By Guest Authors: Bill Zhang, Peter Ableda, Shaun Ahmadian and Manish Maheshwari
In June 2022, Cloudera announced the general availability of Apache Iceberg in the Cloudera Data Platform (CDP). Iceberg is a 100% open-table format, developed through the Apache Software Foundation, which helps users avoid vendor lock-in and implement an open lakehouse.
The general availability covers Iceberg running within some of the key data services in CDP, including Cloudera Data Warehouse (CDW), Cloudera Data Engineering (CDE), and Cloudera Machine Learning (CML). These connections empower analysts and data scientists to easily collaborate on the same data, with their choice of tools and engines. No more lock-in, unnecessary data transformations, or data movement across tools and clouds just to extract insights out of the data.
With Iceberg in CDP, you can benefit from the following key features:
- CDE and CDW support Apache Iceberg: Run queries in CDE and CDW following Spark ETL and Impala business intelligence patterns, respectively.
- Exploratory data science and visualization: Access Iceberg tables through auto-discovered CDW connection in CML projects.
- Rich set of SQL (query, DDL, DML) commands: Create or manipulate database objects, run queries, load and modify data, perform time travel operation, and convert Hive external tables to Iceberg tables using SQL commands developed for CDW and CDE.
- Time Travel: Reproduce a query as of a given time or snapshot ID, which can be used for historical audits and rollback of erroneous operations, as an example.
- In-place table (schema, partition) evolution: Evolve Iceberg table schema and partition layouts without costly distractions, such as rewriting table data or migrating to a new table.
- SDX Integration (Ranger): Manage access to Iceberg tables through Apache Ranger.
In this two-part blog post, we’re going to show you how to use Iceberg in CDP to build an open lakehouse and leverage the CDP compute services from data engineering, to data warehousing, to machine learning.
In this first part we will focus on how to build the open lakehouse with Apache Iceberg in CDP; ingest and transform data using CDE; and leverage time travel, partition evolution, and access control to SQL and BI workloads on Cloudera Data Warehouse.
Solution overview:
Prerequisites:
The following CDP public cloud (AWS) data services should be provisioned:
- Cloudera Data Warehouse Impala Virtual Warehouse
- Cloudera Data Engineering (Spark 3) with Airflow enabled
- Cloudera Machine Learning
Loading data into Iceberg tables with CDE
We start by creating a Spark 3 virtual cluster (VC) in CDE. To control costs we can adjust the quotas for the virtual cluster and use spot instances.
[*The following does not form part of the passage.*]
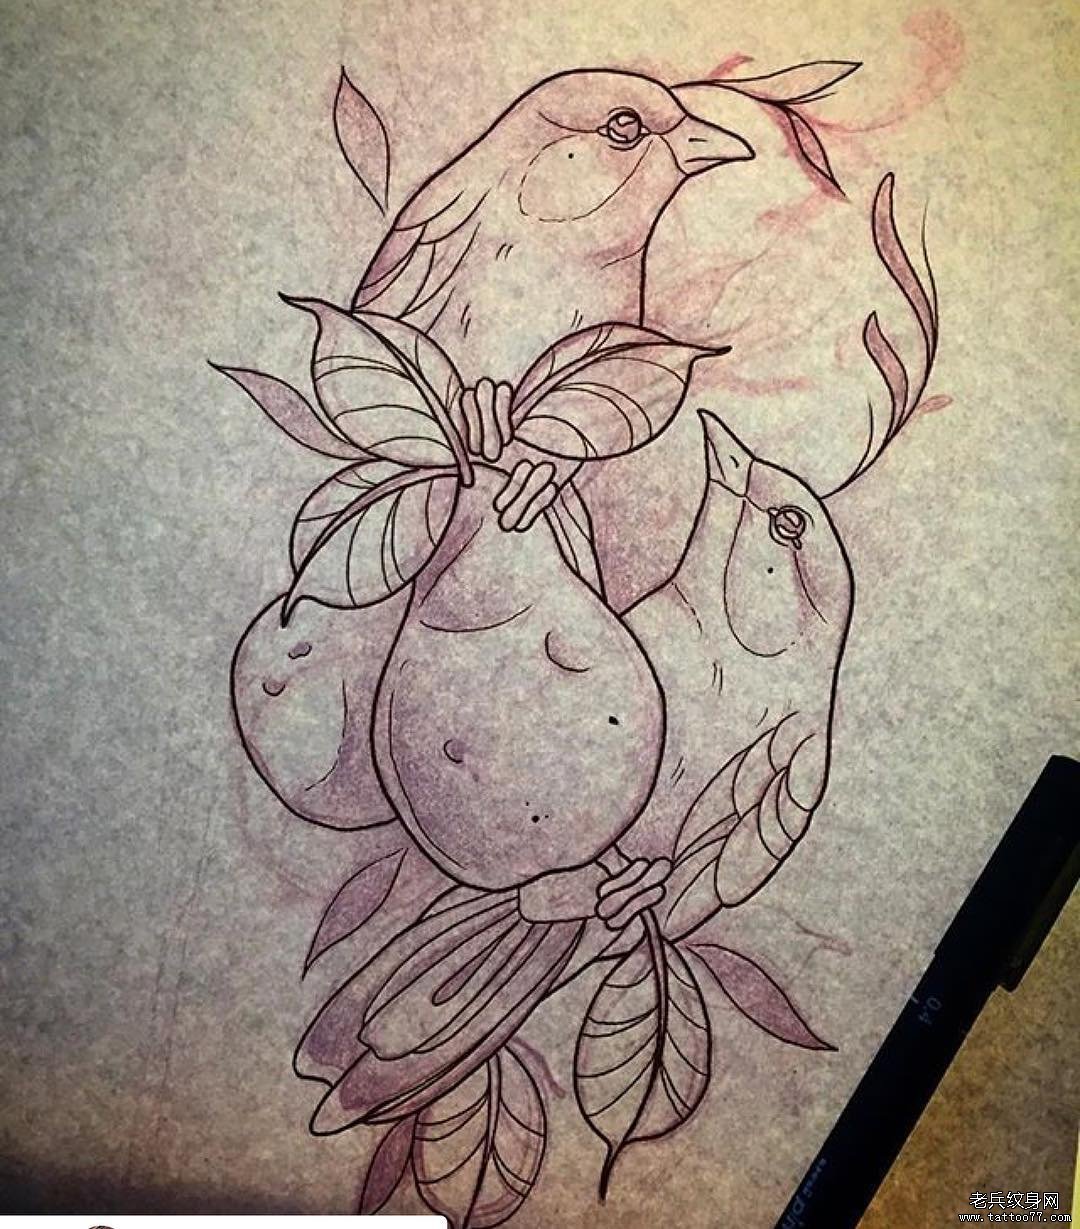 欧美小鸟水果梨纹身图案手稿

Also, selecting the option to enable Iceberg analytic tables ensures the VC has the required libraries to interact with Iceberg tables.
After a few minutes the VC will be up and running, ready to deploy new Spark jobs.
Since we will be using Spark to perform a series of table operations, we will use Airflow to orchestrate a pipeline of these operations.
The first step is to load our Iceberg table. Besides creating and loading an Iceberg table directly with new data, CDP provides a few other options. You can import or migrate existing external Hive tables.
- Importing keeps the source and destination intact and independent.
- Migrating converts the table into an Iceberg table.
Here we have simply imported an existing flights table into our airline’s Iceberg database table.
from pyspark.sql import SparkSession
import sys
spark = SparkSession \
.builder \
.appName("Iceberg prepare tables") \
.config("spark.sql.catalog.spark_catalog", "org.apache.iceberg.spark.SparkSessionCatalog")\
.config("spark.sql.catalog.spark_catalog.type", "hive")\
.config("spark.sql.extensions", "org.apache.iceberg.spark.extensions.IcebergSparkSessionExtensions")\
.getOrCreate()
spark.sql("""CALL spark_catalog.system.snapshot('airlines_csv.flights_external', \
'airlines_iceberg.flights_v3')""")
Our imported flights table now contains the same data as the existing external hive table and we can quickly check the row counts by year to confirm:
year _c1
1 2008 7009728
2 2007 7453215
3 2006 7141922
4 2005 7140596
5 2004 7129270
6 2003 6488540
7 2002 5271359
8 2001 5967780
9 2000 5683047
…
In-place partition evolution
Next, one of the most common data management tasks is to modify the schema of the table. Usually this is simple to perform if it is a non-partitioned column. But if the partition scheme needs changing, you’ll typically have to recreate the table from scratch. In Iceberg these table management operations can be applied with minimal rework, reducing the burden on the data practitioner as they evolve their tables to better fit business requirements.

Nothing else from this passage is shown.